Your task –
The response should contain all of the data below, reproduced exactly, and no pictures.

Supplied material –
BEGIN
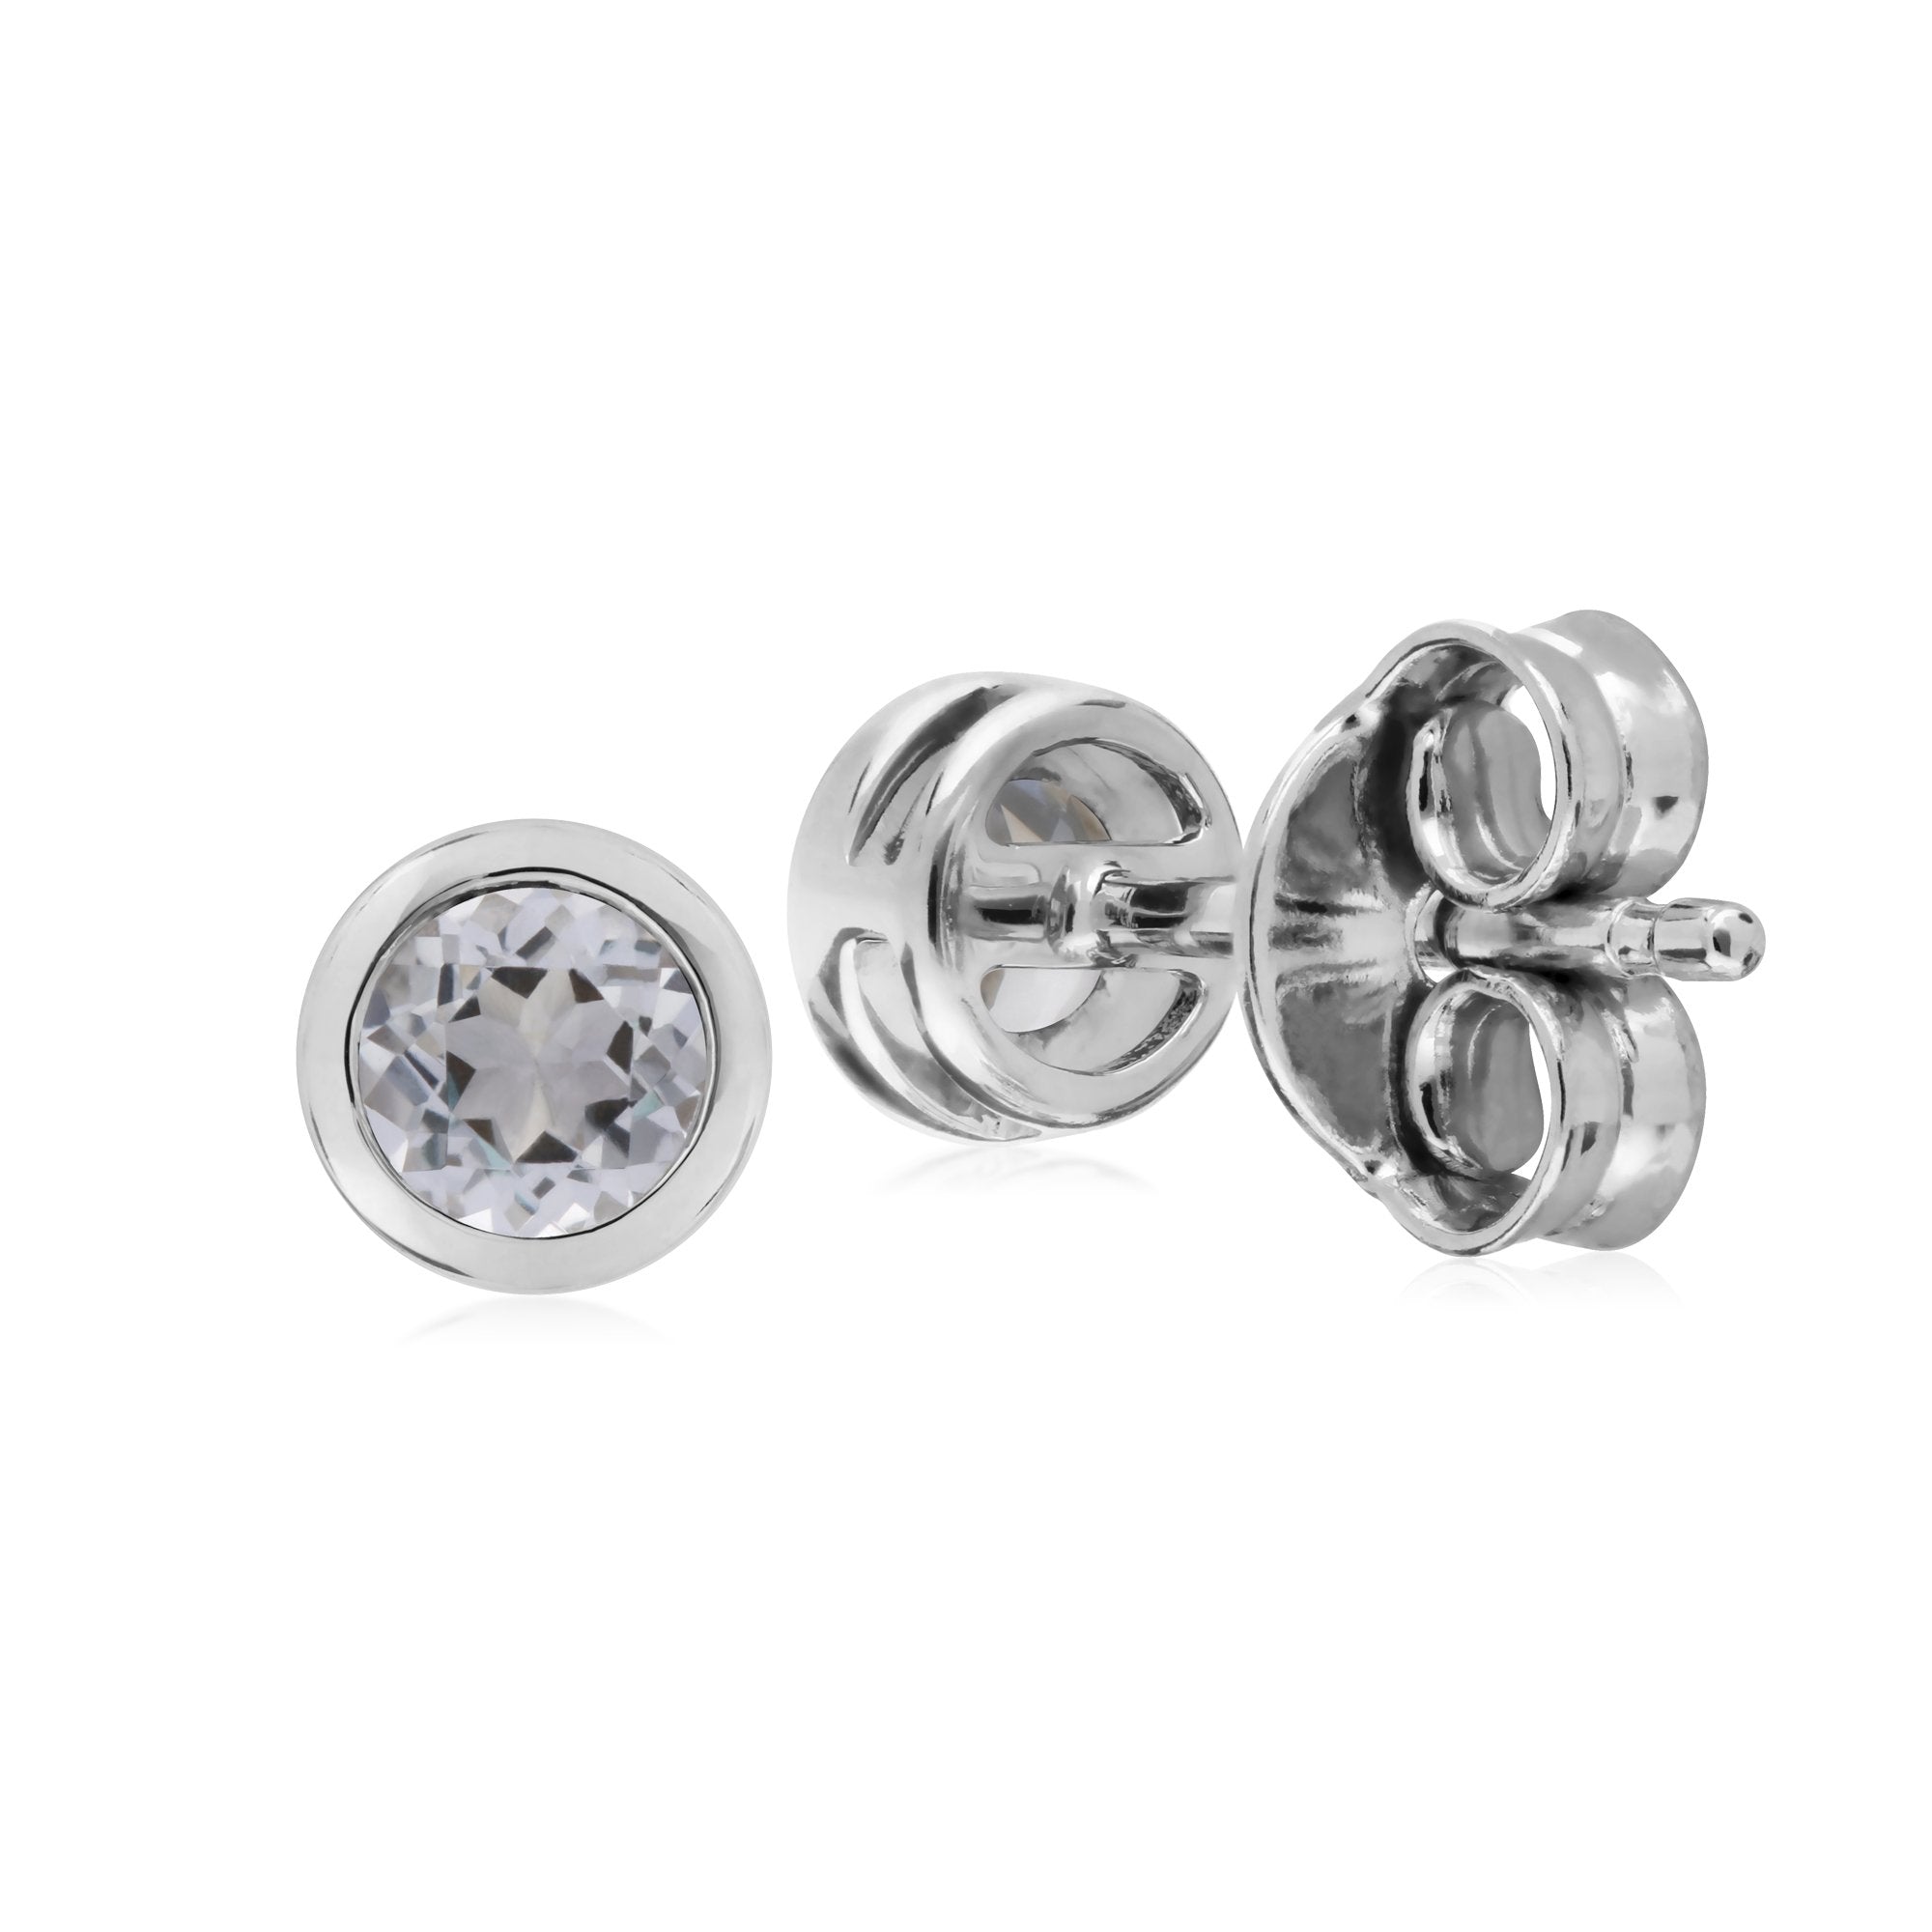 Classic Round White Topaz Bezel Stud Earrings in 925 Sterling Silver
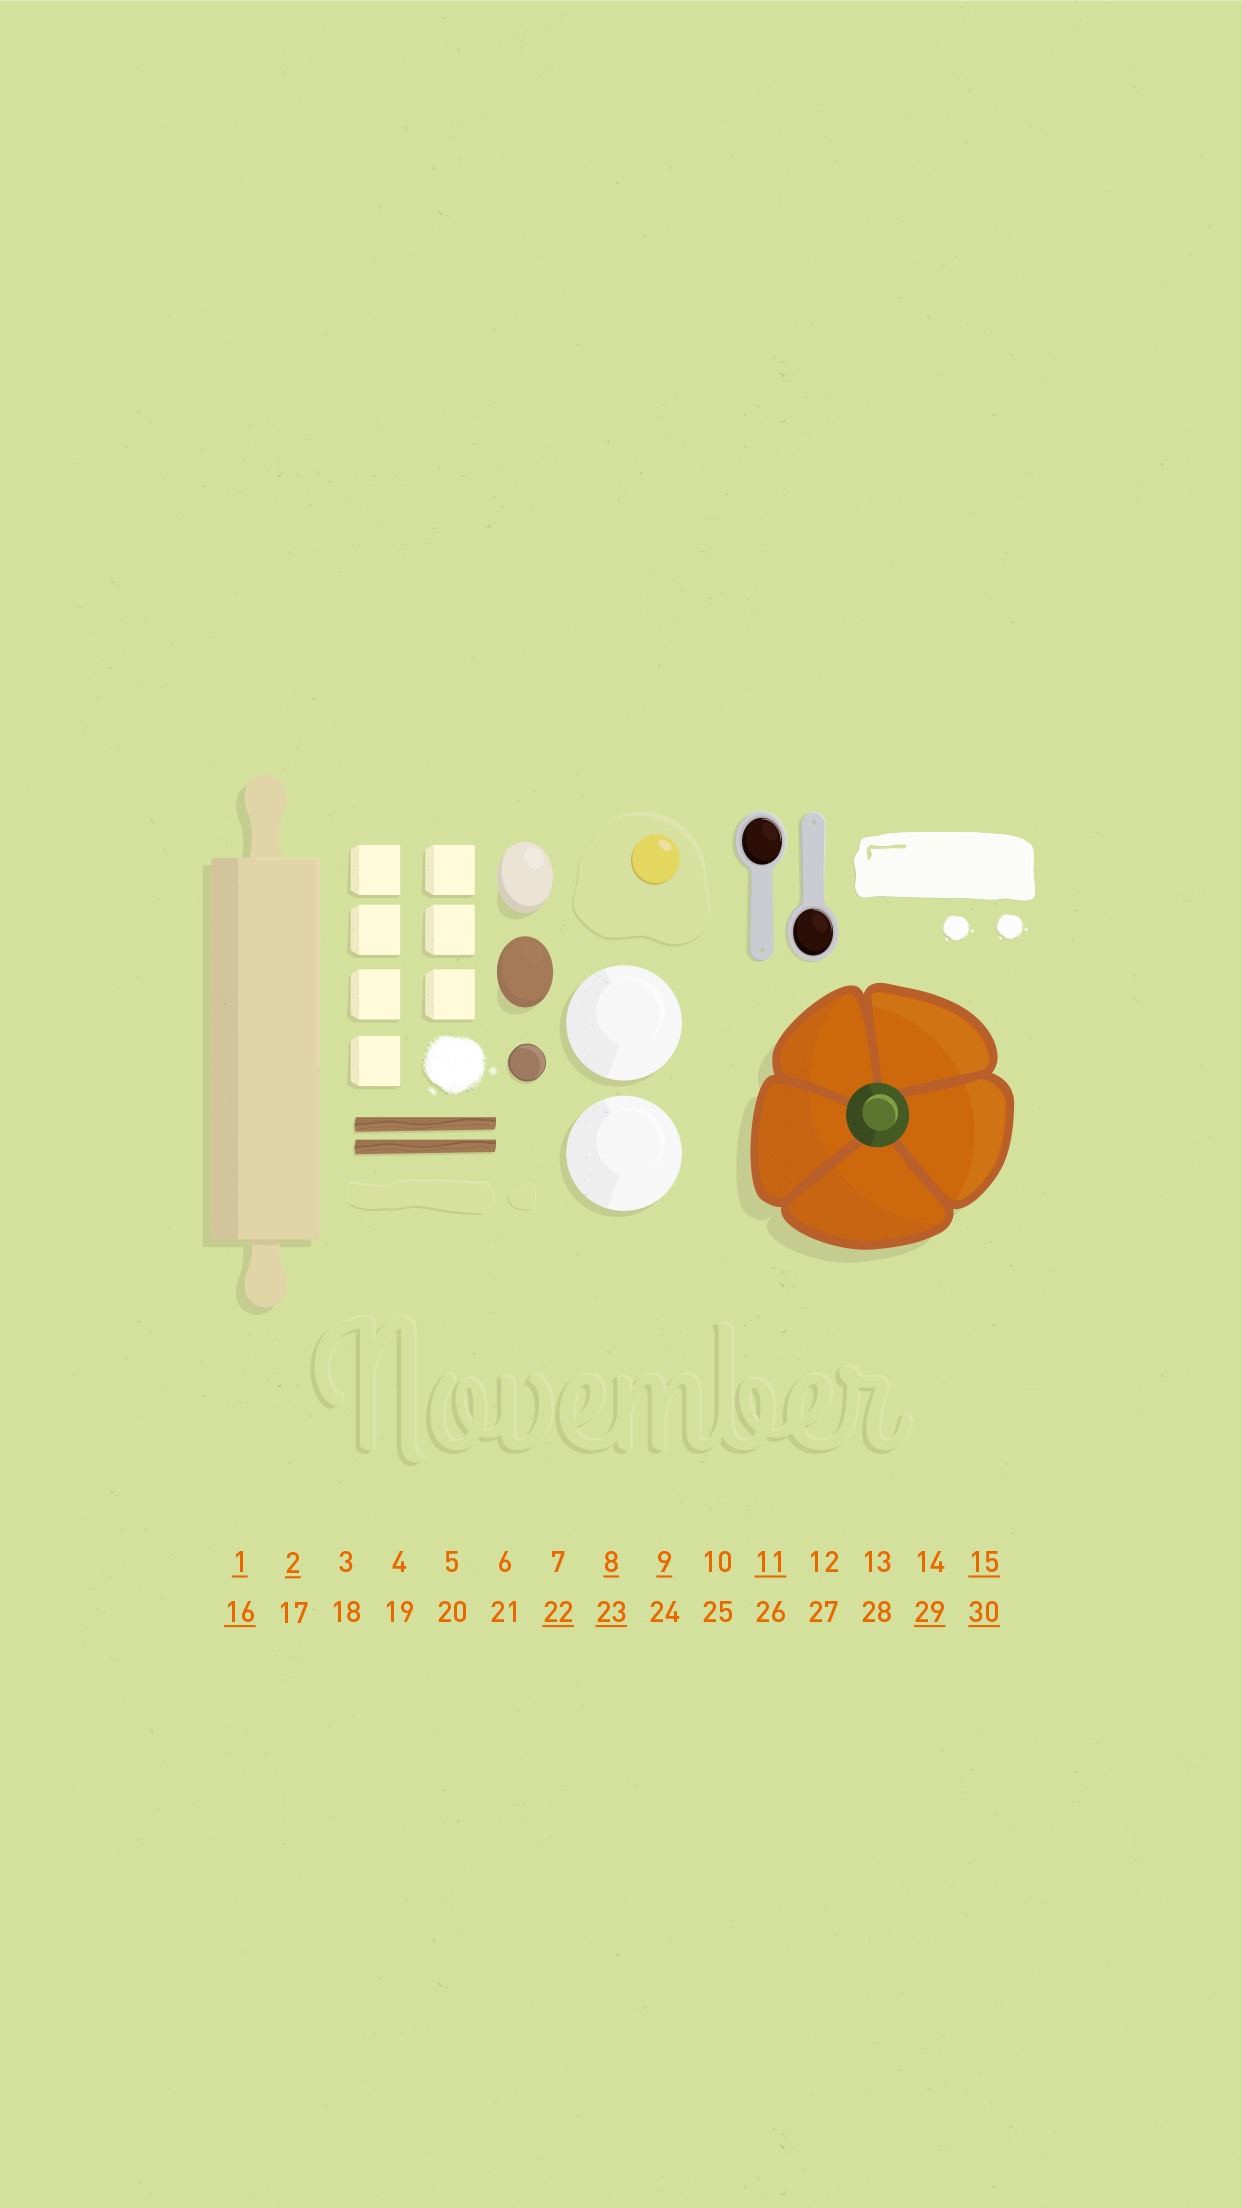 November 2014 Desktop Calendar Wallpaper
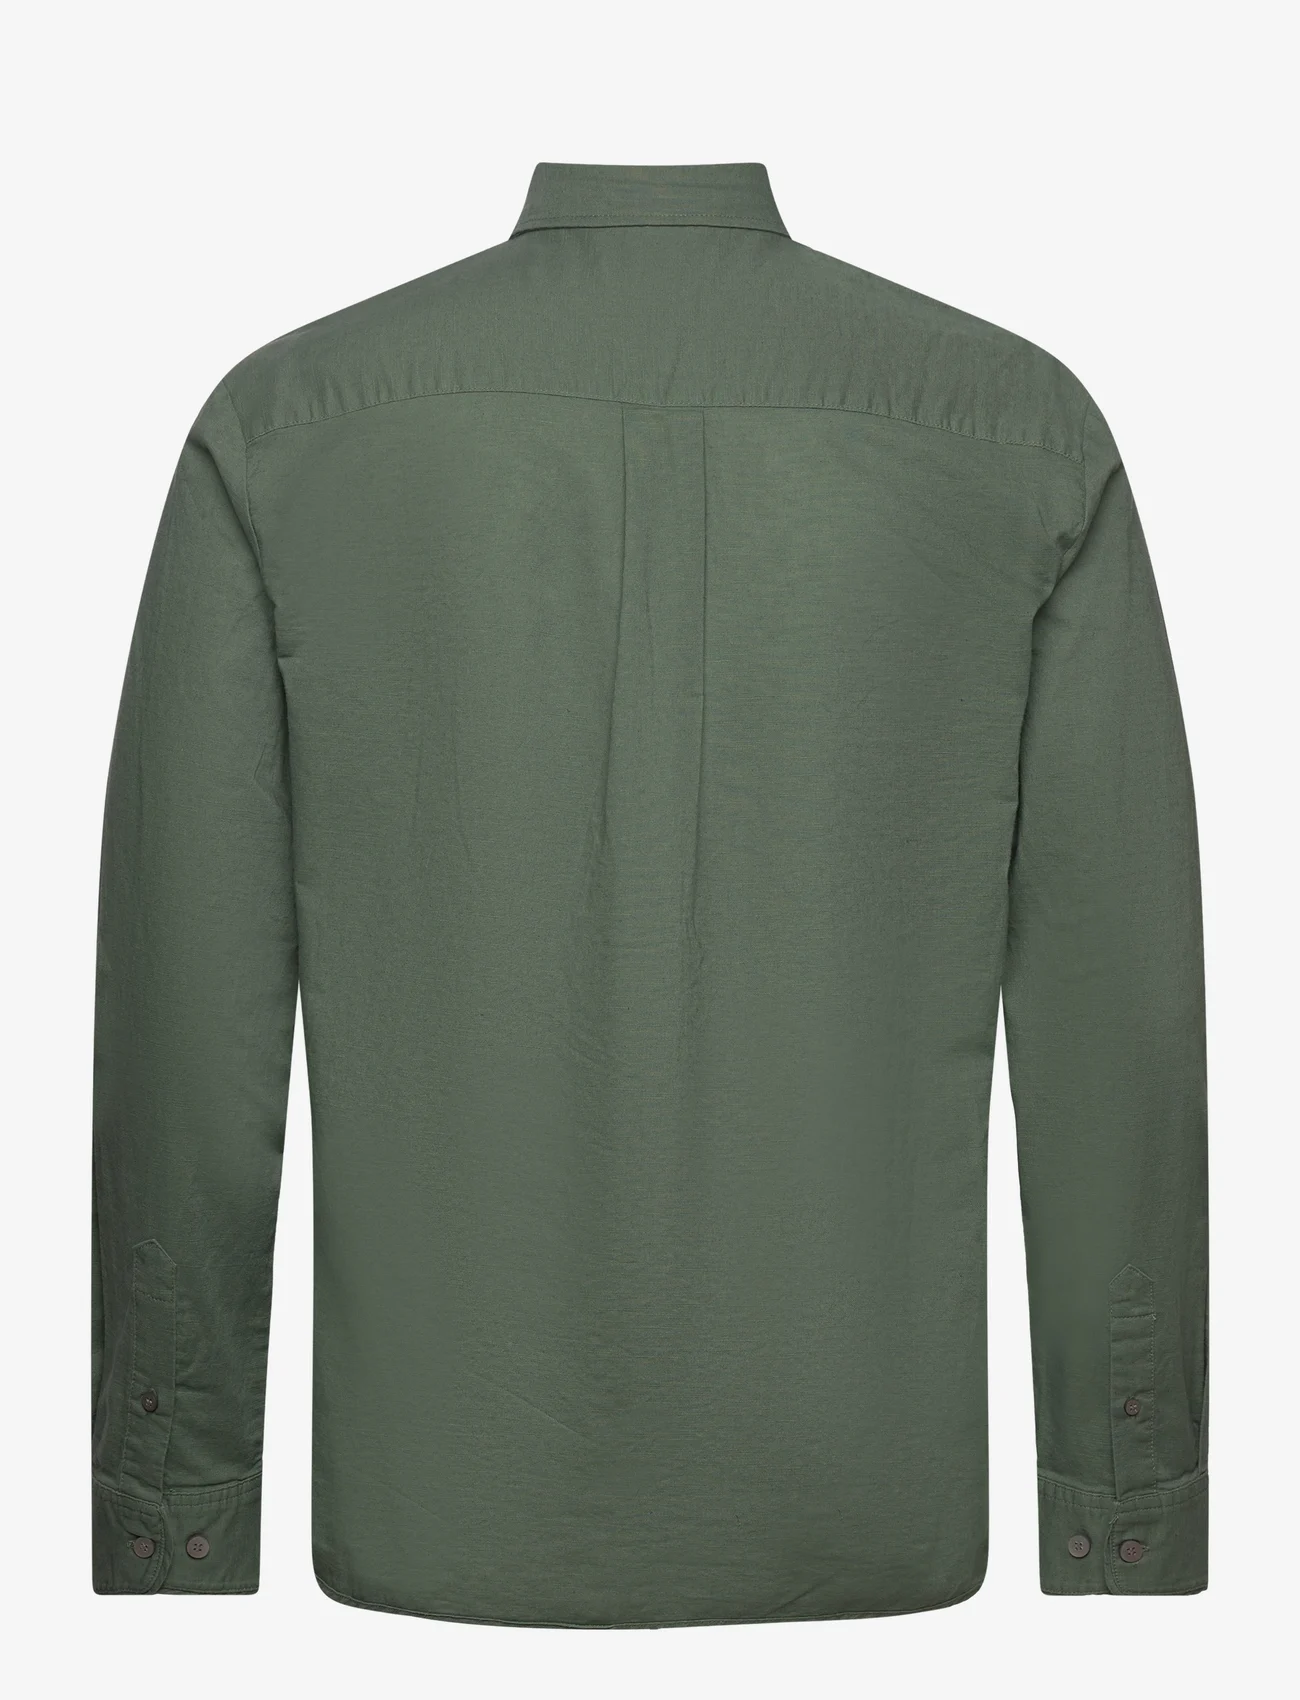 Bruuns Bazaar - LinowBBGiil LS shirt - koszule casual - frosty spruce - 1
END
Your solution –
 Classic Round White Topaz Bezel Stud Earrings in 925 Sterling Silver
 November 2014 Desktop Calendar Wallpaper
 Bruuns Bazaar - LinowBBGiil LS shirt - koszule casual - frosty spruce - 1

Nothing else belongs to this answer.